Commanders and leaders
- Henry Lawton: Joaquín Vara de Rey † Salvador Díaz Ordóñez (WIA)

Strength
- 18,000 4 field guns: 500 2 field guns

Casualties and losses
- 80–205 dead 1,200 wounded: 38 killed 138 wounded 160 captured

= Battle of El Caney =

Battle of the Spanish-American War

The Battle of El Caney was fought on July 1, 1898, during the Spanish-American War. 600 Spanish soldiers held for twelve hours, until they ran out of ammunition, against Henry W. Lawton's 5th US Division, made up of 6,899 men. This action temporarily delayed the American advance on the San Juan Hills, as had been requested of General William Rufus Shafter. Nevertheless, American forces advanced on San Juan Hill the same day. Though encountering spirited resistance similar to El Caney, the Americans were ultimately victorious, culminating in the capitulation of the Spanish garrison.

==Background==

At El Caney, Cuba, 514 Spanish regular soldiers, together with approximately 100 armed Spanish and Cubans loyal to Spain under the command of Brigadier General Joaquín Vara de Rey y Rubio were instructed to hold the northwest flank of Santiago de Cuba against the American 2nd Division, Fifth Army Corps, commanded by Brigadier General Henry W. Lawton.

==Battle==
Although the Spanish defenders had no machine guns, they were well equipped with modern smokeless powder rifles and a battery of two modern breech-loading 80mm mountain howitzers (Cañón de 8 cm Plasencia Modelo 1874, designed by Colonel Plasencia of the Spanish Army) that also utilized smokeless ammunition. The Spanish regular infantry was armed with fast-firing M1893 7mm Mauser rifles, while the loyalists were equipped with single-shot Remington Rolling Block rifles in .43 Spanish (using blackpowder). Denied promised reinforcements from Santiago, Vara de Rey and his forces held over 6,000 Americans from their position for nearly twelve hours before retreating, preventing General Lawton's men from reinforcing the U.S. assault on San Juan Hill.
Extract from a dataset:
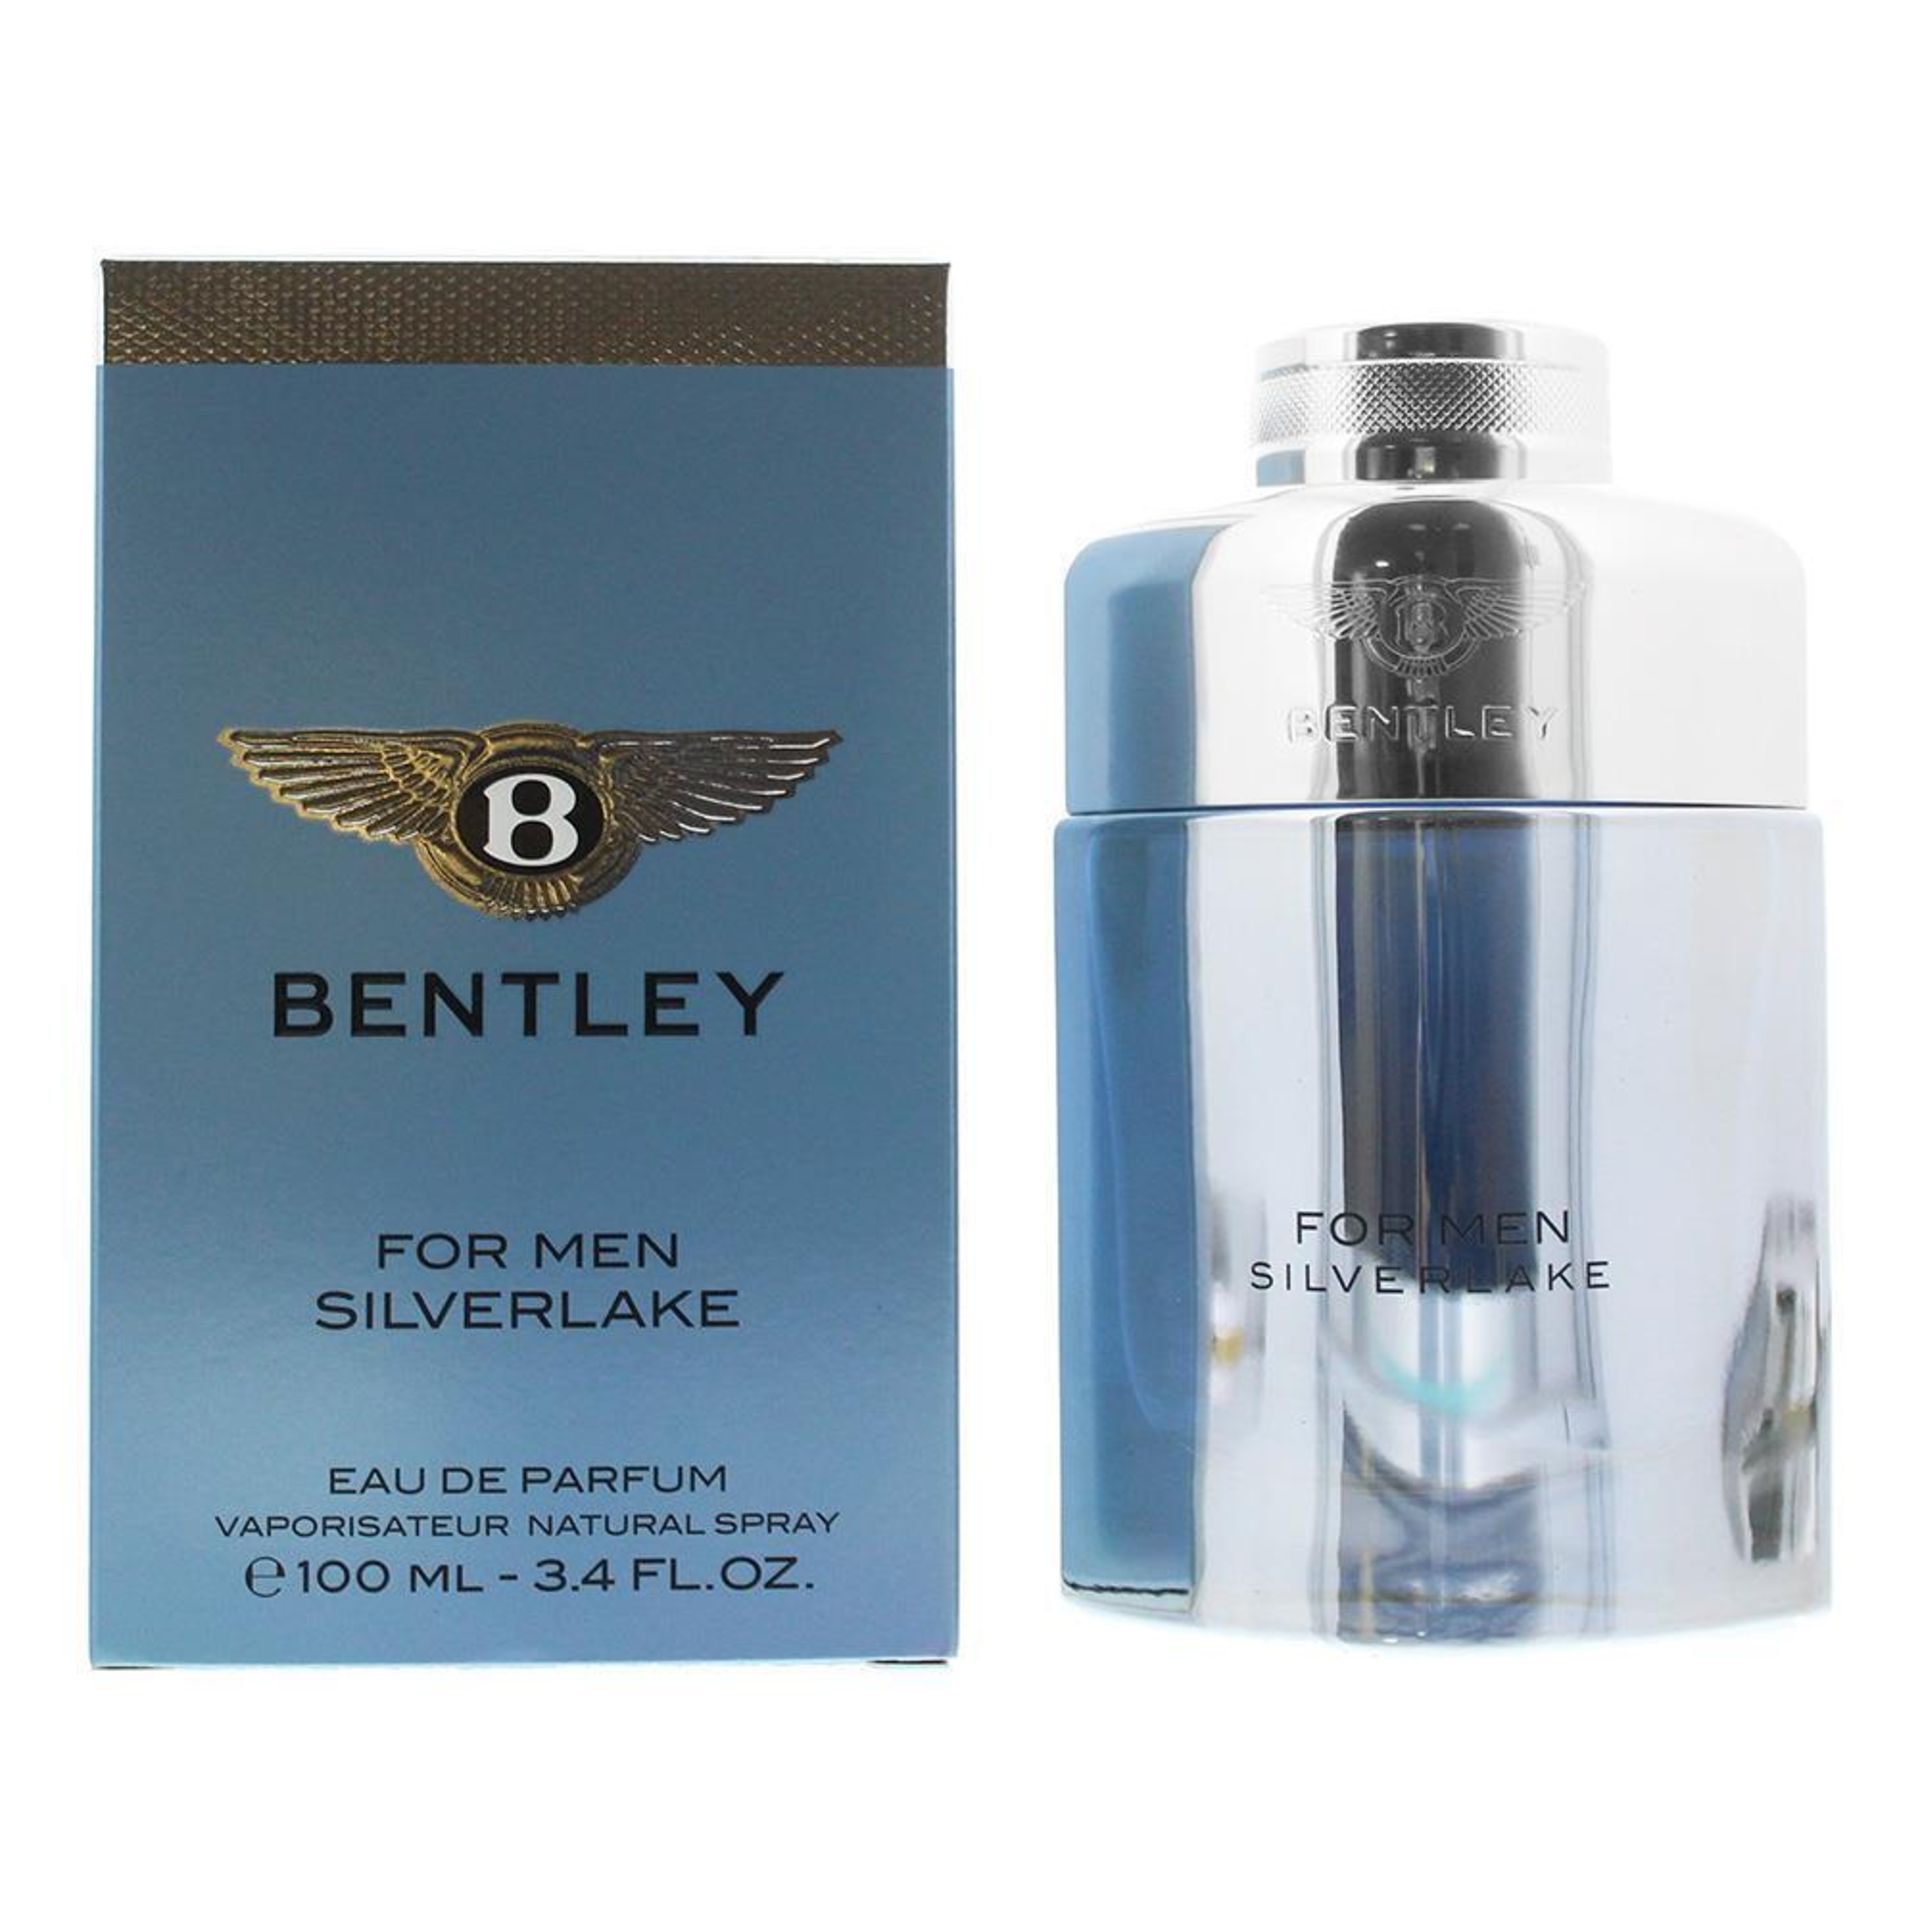 Bentley For Men Silverlake Eau de Parfum 100ml Spray - Image 4 of 6

Some of the American forces were hindered by their equipment; in the case of the 2nd Massachusetts, the men were equipped with antiquated black-powder single-shot .45-70 Springfield rifles. According to Frederick E. Pierce, a trooper of the 2nd Massachusetts, the Americans "received such a shower of bullets that it seemed at one time as if the company must be wiped out of existence." Because of this unequal contest, the 2nd Massachusetts was later taken out of the line and replaced with troops armed with more modern weapons.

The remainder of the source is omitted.